Some of the most powerful agencies of the federal government are “independent.” The FTC, NLRB, CPSC, Securities and Exchange Commission, and Federal Communications Commission, for example, are vested with sweeping, open-ended authority from Congress to regulate everything from business mergers to consumer products and financial markets, as well as enforce federal antitrust, labor, product, securities, and communications law.
And that’s the problem: These agencies are charged with enforcing federal law. Sure, they also exercise quasi-legislative and quasi-judicial powers (which has its own problems under the separation of powers). But they unmistakably exercise executive power too. Just ask Nick Hiran, who was prosecuted by the NLRB for supposedly “unfair labor practices” and was ordered to award compensation to terminated employees after they walked out of a mandatory meeting. Or ask the Marietta family, whose company Jake’s Fireworks has long faced threats of prosecution and penalties from the CPSC’s enforcement of its “Audible Effects Regulation” because the agency thinks one of the company’s products makes the wrong kind of noise.
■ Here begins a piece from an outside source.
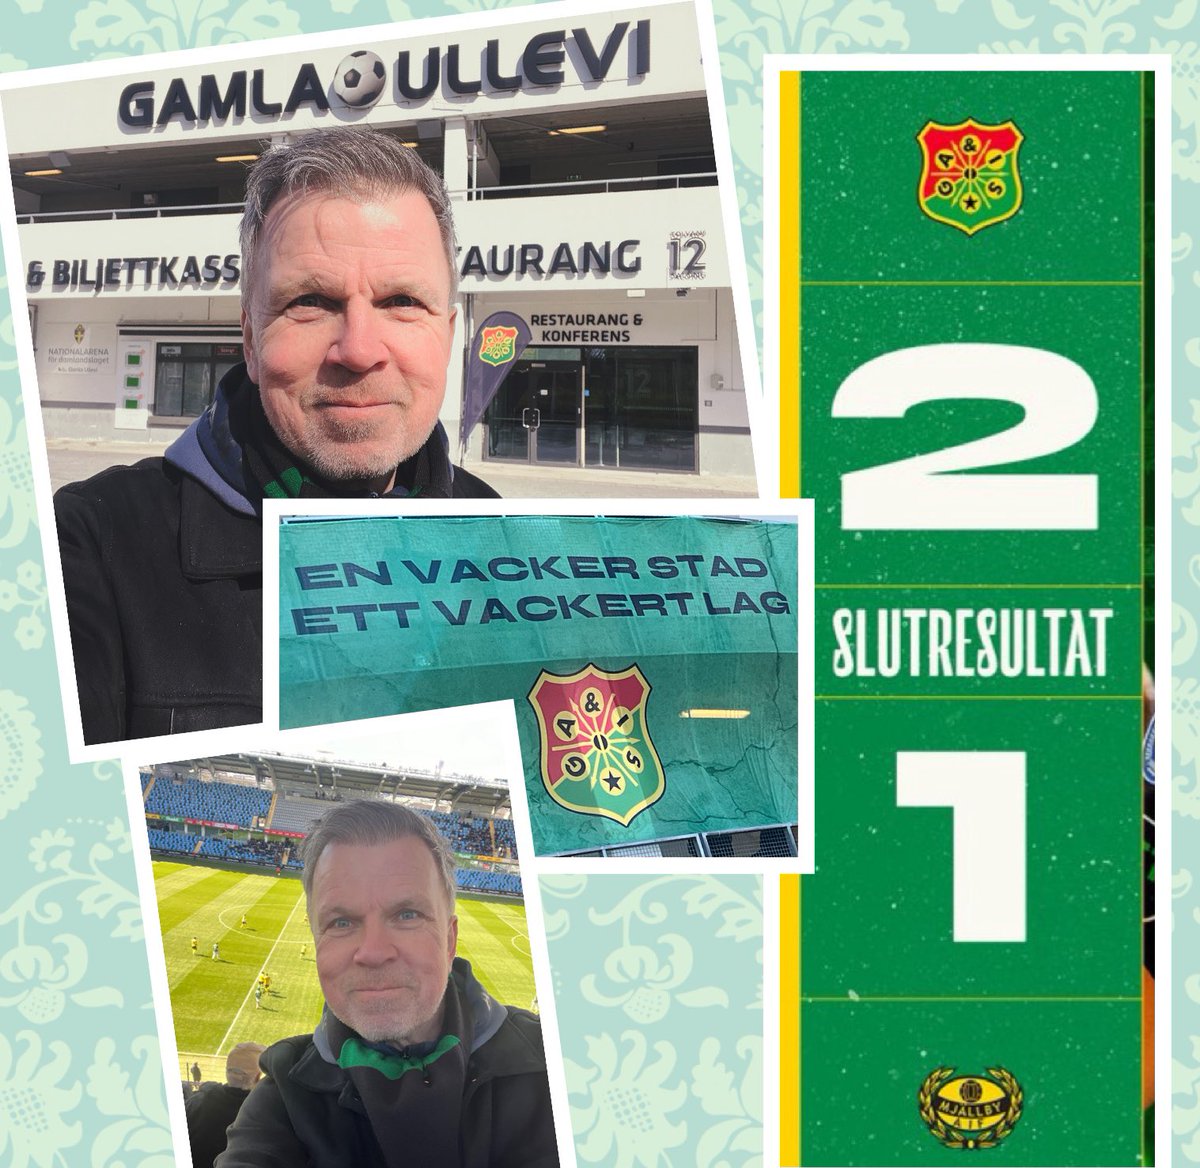 Mer nostalgikänslor denna helg. I Göteborg en kort sväng och tar chansen att gå på Gamla Ullevi där jag som pojklagsspelare började spela fotboll i Gais och hade omklädningsrum på ”gamla” Gamla Ullevi. Idag seger mot Mjällby och viktiga tre poäng. @GAIS_SE

This is executive power, plain and simple. And if you exercise executive power, you must be answerable to the person through which that power flows.
The Constitution doesn’t vest the executive power in the president and a group of technocrats at independent agencies. Rather, it’s very clear that all enforcement of federal law—“the executive power”—falls under the purview of the president and the president alone. And if that’s the case, then the president must be able to oversee those who exercise that power, especially those who do so in a significant way. Because oversight without being able to fire the official isn’t much in the way of oversight at all. As James Madison (who knew a thing or two about the Constitution) said when debating the president’s power to remove executive officers, “[I]f the officer when once appointed, is not to depend upon the president for his official existence,…I confess I do not see how the president can take care that the laws be faithfully executed.”
Independent officials exercising executive power but protected from presidential removal is not an example of good governance or following the Constitution. It’s the recipe for unaccountable fiefdoms of concentrated power.
The separation of powers (surprise!) separates powers. Any argument that invokes the separation of powers to justify allowing agencies to wield executive power (as well as other governmental powers) but not be directly accountable to the one person vested with that power under the law of the land makes a mockery of the doctrine.
As such, independent agencies are where the separation of powers goes to die. Allowing the president to remove the leaders of these agencies without cause would breathe some much-needed life back into our government’s constitutional structure.